Was machen die Physiker? Tun so, als seinen beide Tatsachen nicht vorhanden und schimpfen auf ihre Kritiker, fuchteln auch ein wenig mit Formeln: es werde ja keine Information mit Überlichtgeschwindigkeit übertragen, als wäre Quantenteleportation keine Information, als wäre die Nachricht vom „Rand“ des Universums ebenfalls keine. Man behilft sich andererseits mit gespiegelten Messungen von „c“, die entweder sehr unsicher, oder durchaus anders interpretierbar sind und überhaupt nicht zwangsläufig ein fixes und konstantes „c“ ergeben.

„Raum“ ist heute bloß ein von der „Zeit“ abgeleiteter Begriff, und „Zeit“ selbst könnte mit Recht höchstens jene phanatsievolle Verzerrung der Raumzeitstruktur genannt werden, welche sich imaginär bildet, wenn „Zeit“ mit „Zeit“ definiert wird (denn nichts anderes ist eine Geschwindigkeit).

Nun versucht man – und da hat @naonna eine gute Beobachtungsgabe – mit aller Gewalt systemimmanent die Wahrheit zu kaschieren – womit sie – armer Tölpel von Student, der hier reingeschneit kam – die nächste vollends verwirrte Generation heranziehen. All das erinnert doch sehr an die Scholastik des Mittelalters.

Insofern stimme ich dem Dr. Weihnachtswebbären in der Tat zu, daß die Werte der Aufklärung die allerwichtigsten sind: aber sie müssen heute bedauerlicherweise in Biologie und Physik gegen die Naturwissenschaft verteidigt werden.

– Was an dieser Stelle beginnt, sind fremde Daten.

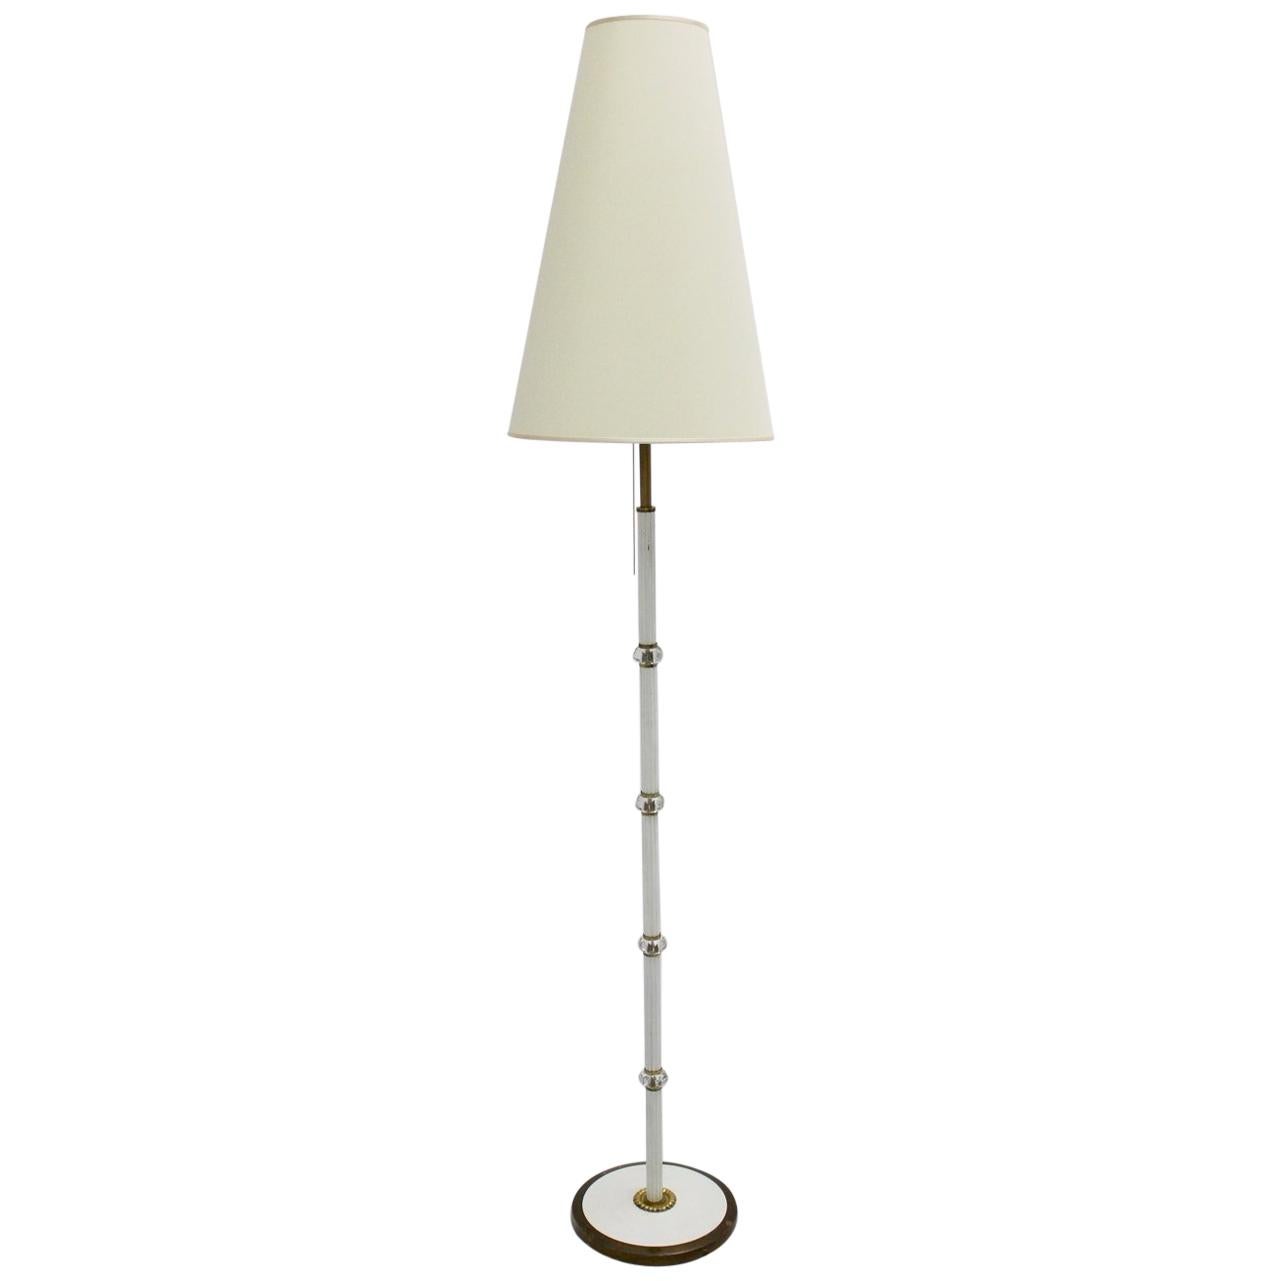 Mid-Century Modern Brass and White Vintage Floor Lamp, 1940s, Italy For Sale

@ Bullet: „Nicht jede Ortsveränderung ist eine Bewegung.“ – mal ganz abgesehen davon, daß der „Ort“ ja nach gängiger (und von mir für falsch gehaltener) Theorie durch die Bewegung erst konstituiert wird, zeigen ihre argumentativen Bemühungen recht eindringlich, was ich oben darlege. Sie schränken auf „kontinuierliche Bewegung“ ein und führen eine sprunghafte, also spukhafte Bewegung zum Beweis an, die Sie beobachtet haben wollen: aber genau das ist ja Thema. Um von hier nach dort zu kommen wäre eine Strecke zu bewaltigen oder der „Raum“ quasi „unphysisch“ zu überwinden. Eben genau das, was die Quantenteleportation zeigt.

@MartinB: Ihren Unmut könnte ich wohl nachvollziehen, soweit sich das auf beleidigende Sprache o.ä bezöge … daß Sie hier aber fachlich einer Diskussion aus dem Weg gehen, nicht. Man kann nun einmal nicht physikalisch über Physik oder biologisch über Biologie sprechen, es bedarf der Philosophie. Sich dann aber zu wundern, wenn Sie extrem kontroverse Standpunkte provozieren, daß es aus dem Wald zurückschallt?! Nein: so einfach verziehen wir uns nicht, wir waren geladen. Dann greifen Sie eben zu den Ihnen sicherlich zur Verfügung stehenden Mitteln, wenn es beliebt. In meinem Blog kann ich vor allem die gewohnheitsmäßig ausfallend werdenden Naturwissenschaftler nicht gebrauchen. Ansonsten können wir dort gerne weiter diskutieren, aber jeder, der sich im Ton vergreift, fliegt raus.